她慢慢地就着這個話題扯出了網上争議的話題,“文麗,這兩天咱們倆也是被扒皮了。”
來文麗聽到這話愣了一下,“扒皮?”
“是呀,現在是信息社會,想要把咱們的底細扒出來那是再簡單不過的事情了。”陳敏微微轉頭看來文麗的反應。
長途駕駛很容易疲倦,一個人開車一個人躺後面休息是挺好的選擇,不過陳敏和來文麗都是選擇對方開車的時候坐在副駕駛上,這樣陪着聊聊天讓人不那麽疲憊。
這會兒她可以清楚的看到來文麗臉上那錯愕的神色,不過很快那素來祥和的臉又是平靜了下來,“這樣呀,那陳老師咱們是不是就成了名人了?”
她甚至帶着幾分俏皮,讓陳敏怔了一下不由地笑了起來,“是呀,網絡紅人嘛。”她直播間裏的打賞也是有的,怎麽着都是能把她們倆這次自駕游的費用給報銷了。

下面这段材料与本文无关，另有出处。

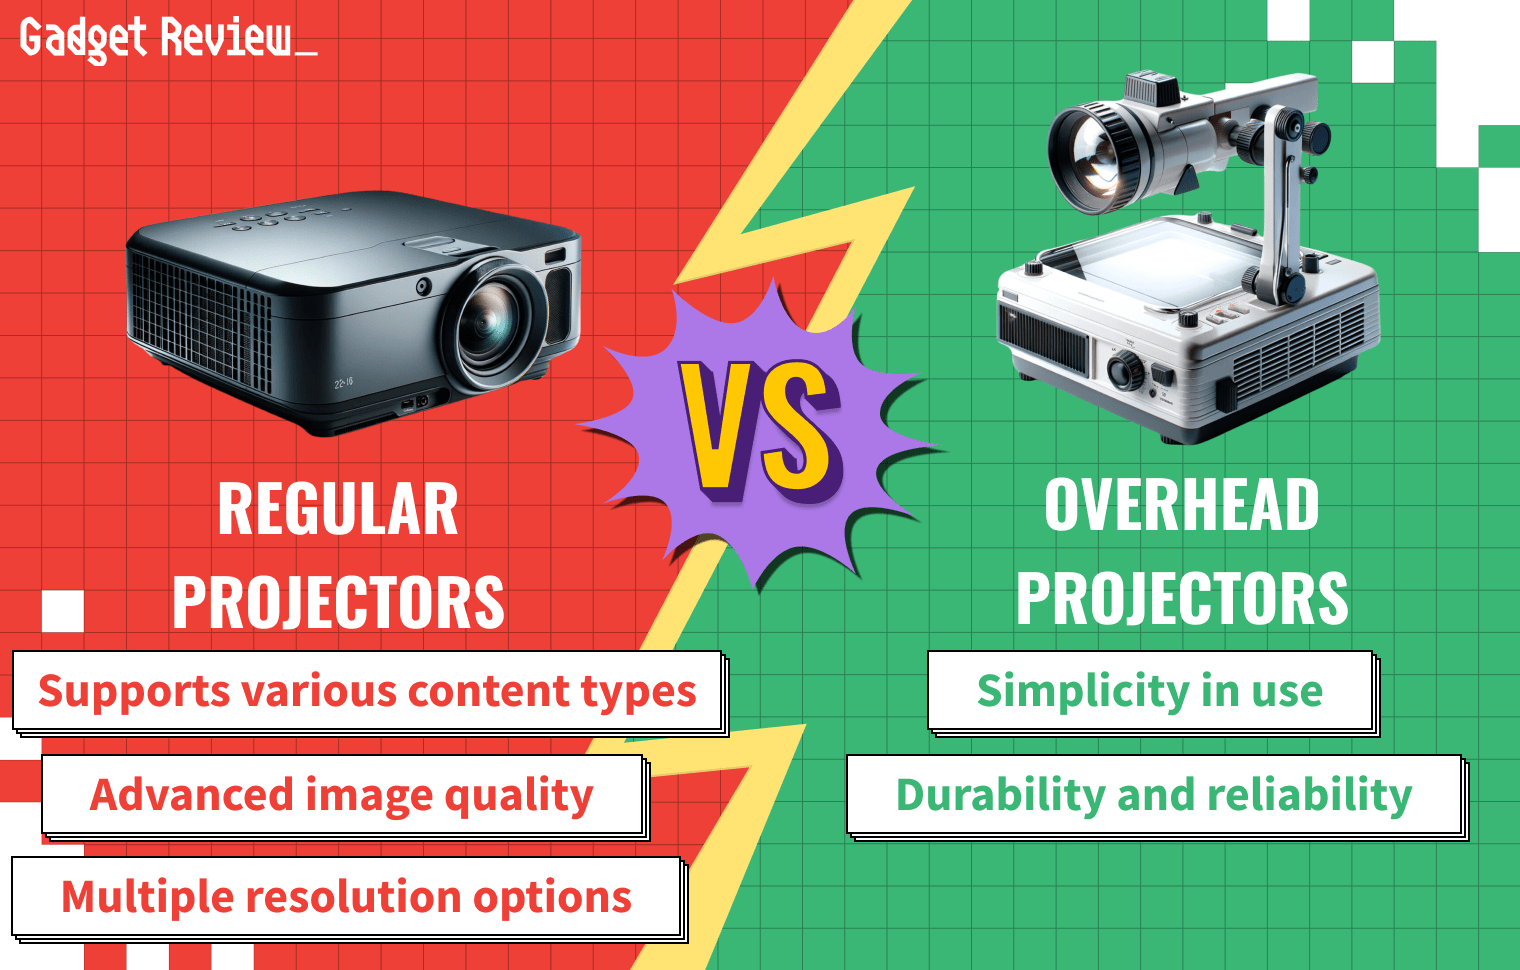 Video Projectors vs Overhead Projectors

來文麗不傻,沒有去說那些怨天尤人的話讓陳敏頓時明白,這人看似脆弱,其實內心強大的很,畢竟日子是自己過的,如人飲水冷暖自知,無關其他人。
牧馬人回到家屬院時,便是小區保安都不由地多瞧了幾眼。
樓下閑聊的一群老太太們看到陳敏的車子也是一愣,等陳敏和來文麗從車庫裏出來時,兩個人已經被包圍了。
“陳老師,你們這是去哪裏玩了,怎麽曬這麽黑?”
原本可是皮膚白皙的人,現在臉上像是塗了一層顏色似的。
“怎麽出去這麽久,之前打你電話也沒見你接。”
鄰居們接二連三地說了起來,不過倒是沒人提及到微博上的那點事。
這多少在陳敏預料之中,社區的老太太們刷刷微信假新聞,然後傳播那些僞科學的養生知識再正常不過,玩微博之類的并不是很多。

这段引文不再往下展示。